- Born: 9 September 1973 (age 52) Kawempe
- Citizenship: Ugandan
- Education: Islamic University in Uganda, Nkumba University
- Occupations: CEO Forks Events, Artist, TV and Radio presenter
- Years active: 1994-date
- Organization: Friends Of Ruth Kalibbala Bwanika
- Television: SparkTV
- Children: she has seven children

= Ruth Kalibbala Bwanika =

Ugandan actress (born 1973)

Ruth Kalibbala (born in 1973) also known as Ruth Kalibbala Bwanika is a Ugandan actress, radio and tv presenter who has worked for many Ugandan stations including Dembe FM, NTV Uganda and SparkTV.

== Background and Education ==
Kalibbala went to St. Peters Primary School in Nsambya Kampala, Uganda before joining St. Edwards and Nakasero High for her O-level and later Pride Academy for her A-level. In 1999 she did a two-year diploma course in secretarial studies at Nkumba University. In 2017, she graduated with a bachelor's degree in mass communication from Islamic University in Uganda.

== Career ==
Kalibbala co-hosts a weekly morning show called "Twezimbe" on Dembe FM and spark TV, she is the Brand Ambassador for Lifeguard condoms.
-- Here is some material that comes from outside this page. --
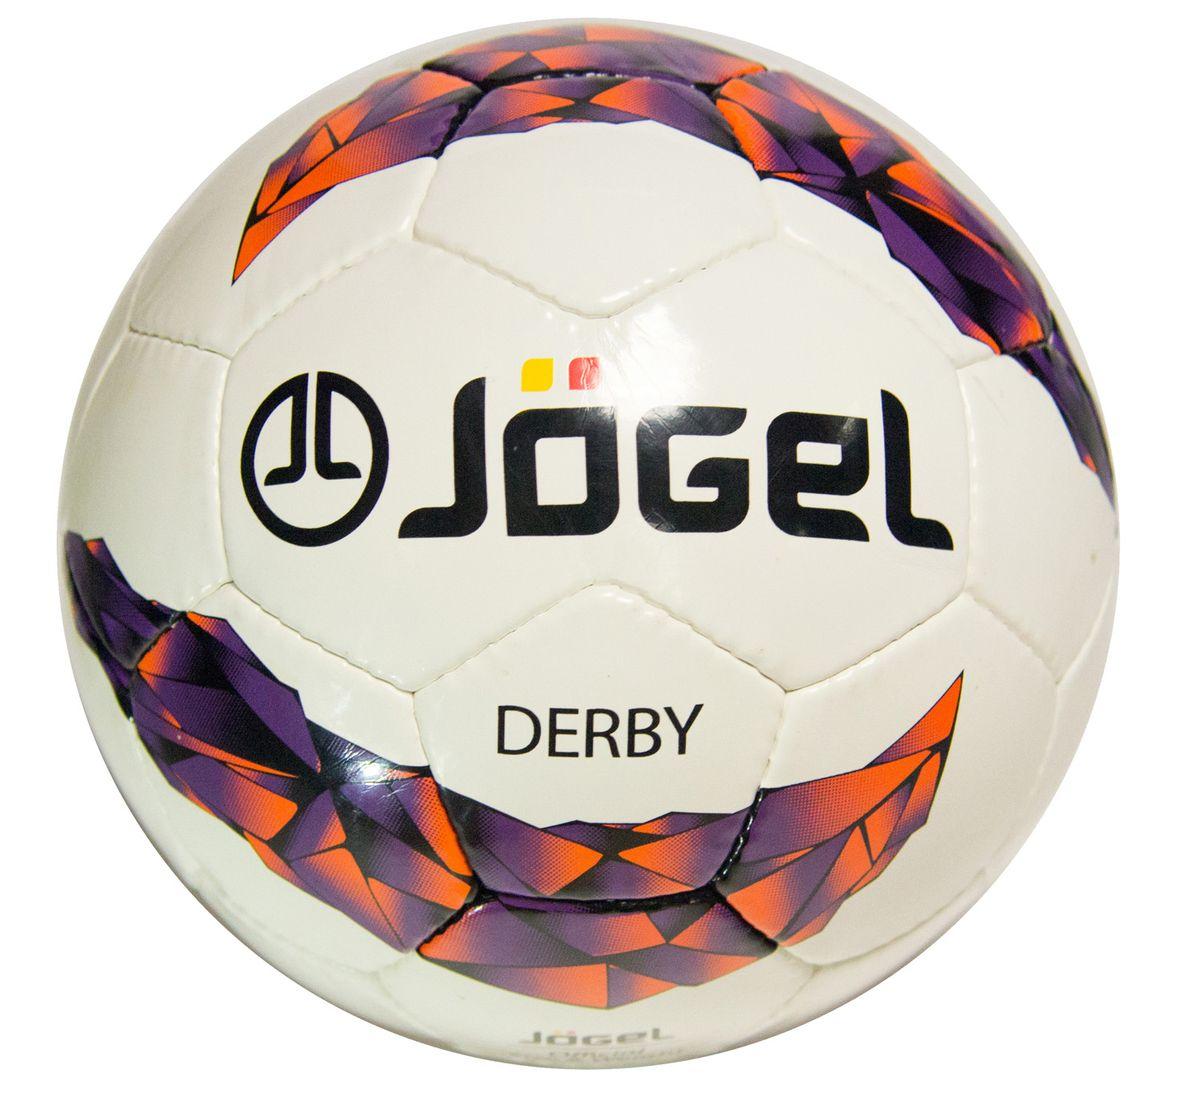 Мяч футбольный Jogel Derby, цвет: белый, оранжевый, черный. Размер 3. JS-500УТ-00009474Классический футбольный мяч серии Derby с прочной покрышкой из синтетической кожи, сшитой вручную. Камера выполнена из латекса. Мяч имеет отличные технические характеристики, которые соответствуют требованиям тренировочного процесса. Предусмотрено четыре подкладочных слоя из смеси хлопка с полиэстером. Мяч станет прекрасным выбором для тренировок и игр клубных и любительских команд. Вес: 310-350 гр.Длина окружности: 59-61 см.Рекомендованное давление: 0.6-0.8 бар.

In April 2024 she replaced Nakazibwe Faridah on a show known as "Mwasuze Mutya" on NTV Uganda (Faridah Nakazibwe had hosted the show for seventeen years) after which she left in three months to focus on her family and her YouTube channel. She also started a charity organization called Friends of Ruth Kalibbala Bwanika (FORKB).

== Filmography ==
Kalibbala also featured in different Ugandan movies which include.

- Kilagiro Ensitano
- Safari Maswaku
- Gogolimbo Kavavangalo
- Ekimala ebita ebunga
- Ngasuuza entate
- Tendo Sisters
- State of the nation

== Personal life ==
She's married to Bwanika Ssensuwa Charles, and they have seven children.